2Der Kläger war bis zum Jahre 1996 Halter des Fahrzeugs mit dem amtlichen Kennzeichen ... . Mit diesem Fahrzeug wurde am 10. September 1993 eine Ordnungswidrigkeit begangen, indem der Fahrzeugführer die zulässige Höchstgeschwindigkeit von 50 km/h innerhalb einer geschlossenen Ortschaft auf der W. Straße in S. um 42 km/h überschritt. Bei dem Verkehrsverstoß ist ein Radarfoto des Fahrer gefertigt worden. Auf dem ihm am 29. September 1993 übersandten Anhörungsbogen führte der Kläger aus, er sei am Tattage in Bayern gewesen und habe das Fahrzeug nicht gefahren. Der Fahrer sei auf dem Foto nicht zu identifizieren; Rückfragen seien erfolglos geblieben. Im Ermittlungsverfahren wurde der Stiefsohn des Klägers von der Polizei vorgeladen, bei der er angab, nicht der Fahrer gewesen zu sein. Der die Vernehmung führende Polizeibeamte vermerkte, der Fahrer auf dem Foto sei nicht zu ermitteln.
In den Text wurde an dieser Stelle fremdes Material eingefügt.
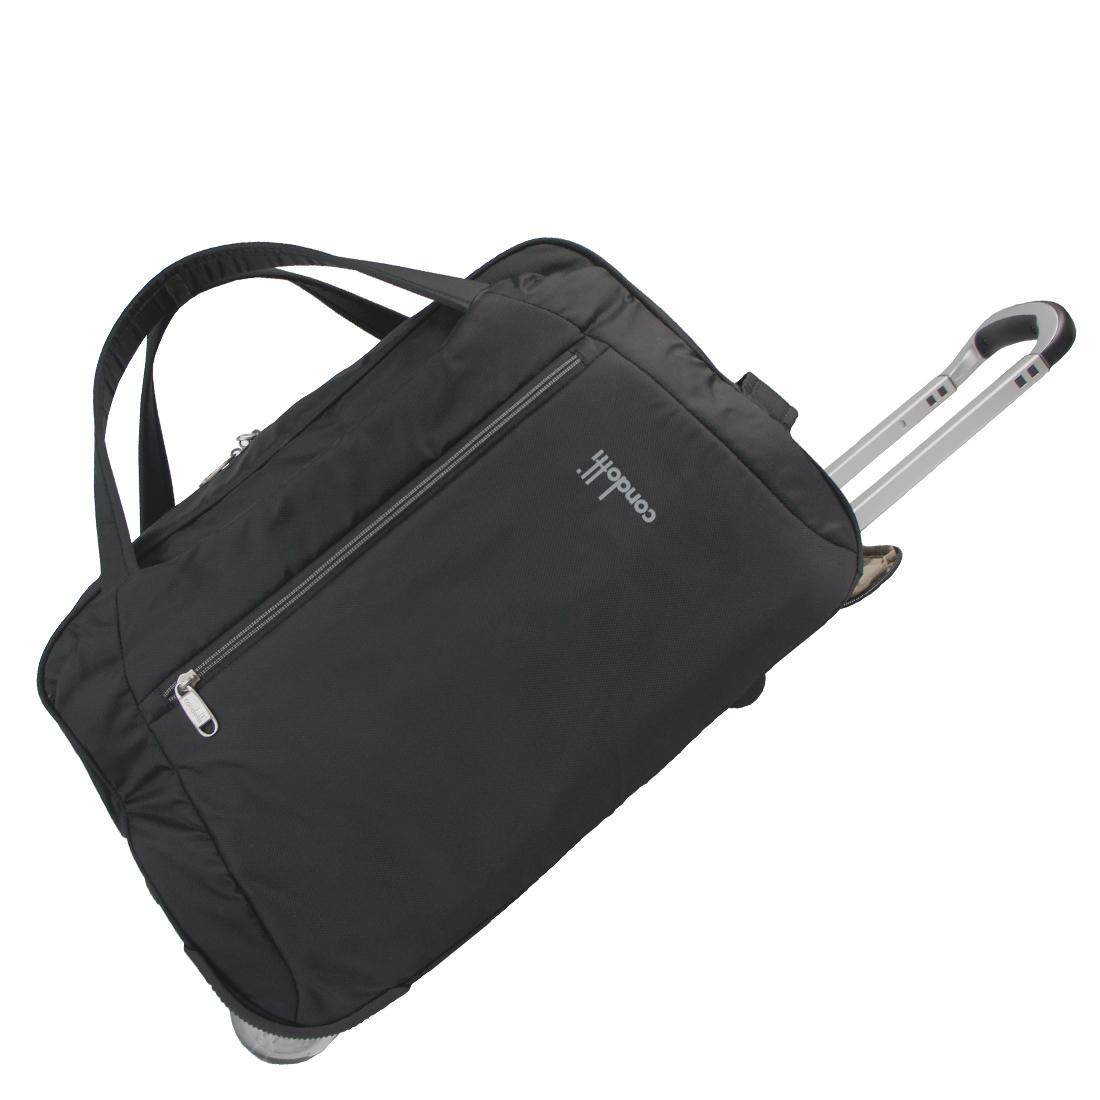 Condotti Travel Bag Trolley 63090 Lightweight 93e9097ebb

3Nach Einstellung des Ordnungswidrigkeitenverfahrens gab der Beklagte dem Kläger Gelegenheit zur Stellungnahme zu der beabsichtigten Fahrtenbuchauflage. Der Kläger wies im folgenden darauf hin, es fehle an den Voraussetzungen für eine Fahrtenbuchauflage. Die Feststellung des Fahrzeugführers sei sehr wohl möglich gewesen. Es seien nicht alle angemessenen und zumutbaren Nachforschungen

angestellt worden, um den Täter zu ermitteln. Wegen der Geringfügigkeit des Verkehrsverstoßes sei die Verhängung einer Fahrtenbuchauflage unverhältnismäßig.
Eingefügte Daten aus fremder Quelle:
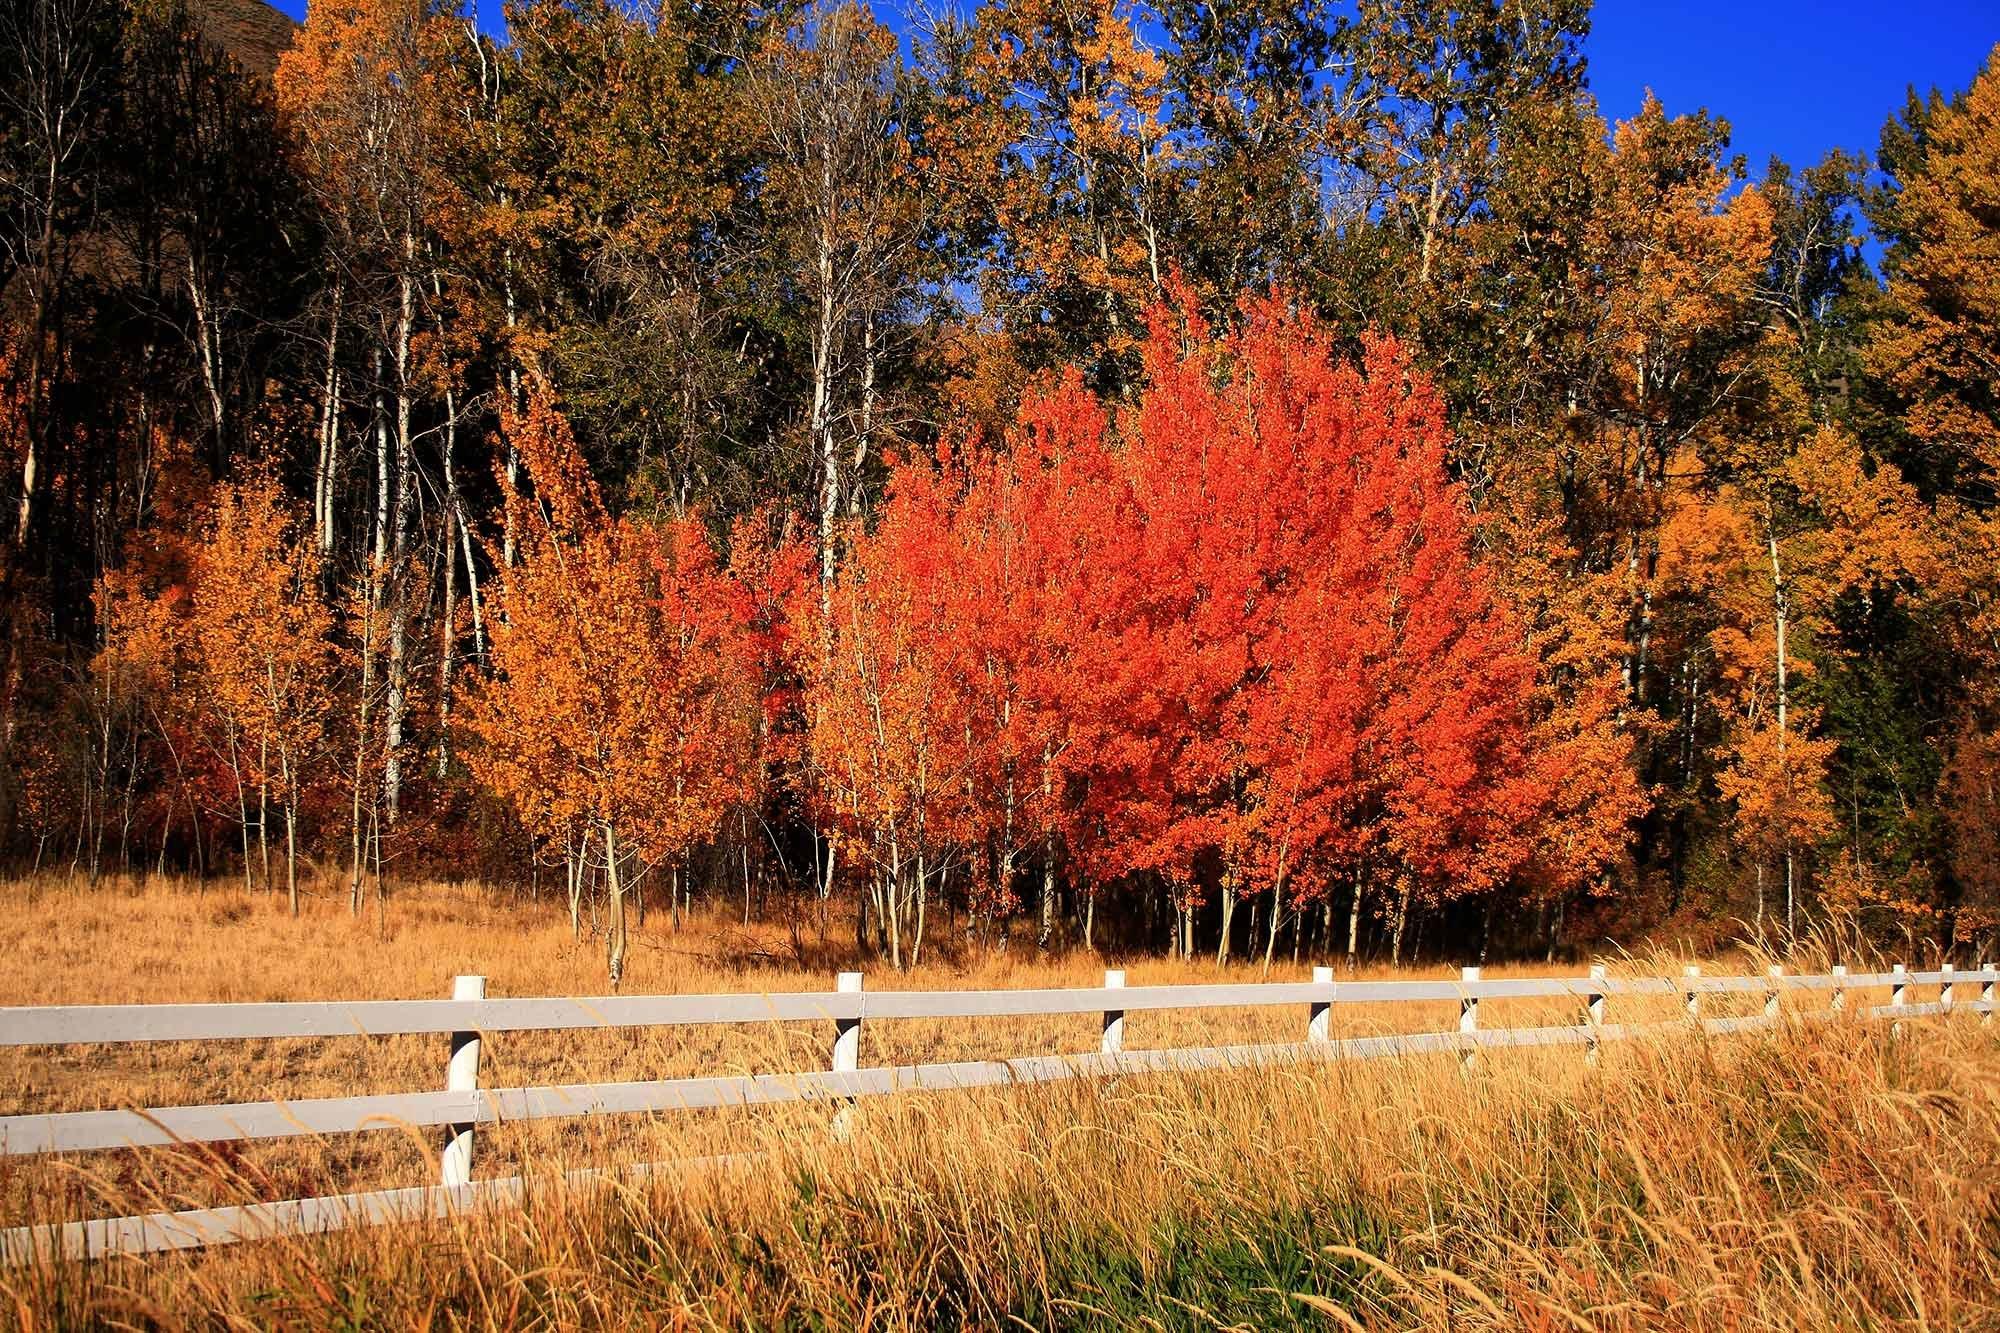 Autumn Trees Near Fence

4Mit Bescheid vom 7. Juni 1994 gab der Beklagte dem Kläger auf, für das Fahrzeug mit dem amtlichen Kennzeichen ... oder für ein innerhalb der Rechtsbehelfsfrist sowie während der Dauer der Auflage angeschafftes Ersatzfahrzeug für die Dauer von sechs Monaten ab Bestandskraft ein Fahrtenbuch zu führen und nach Beendigung jeder einzelnen Fahrt unter Angabe von Datum, Uhrzeit und Fahrstrecke unverzüglich einzutragen, wer das Fahrzeug geführt hat.

5Der Kläger erhob am 21. Juni 1994 Widerspruch und gab an, ein nochmaliges Befragen von Familienmitgliedern habe ergeben, daß das fragliche Fahrzeug am Tattage von seinem Stiefsohn, dem Sohn seiner Ehefrau, geführt worden sei. Damit sei der Grund für die Anordnung des Fahrtenbuchs weggefallen. Mit Widerspruchsbescheid vom 22. Dezember 1995 wies die Bezirksregierung A. den Widerspruch als unbegründet zurück.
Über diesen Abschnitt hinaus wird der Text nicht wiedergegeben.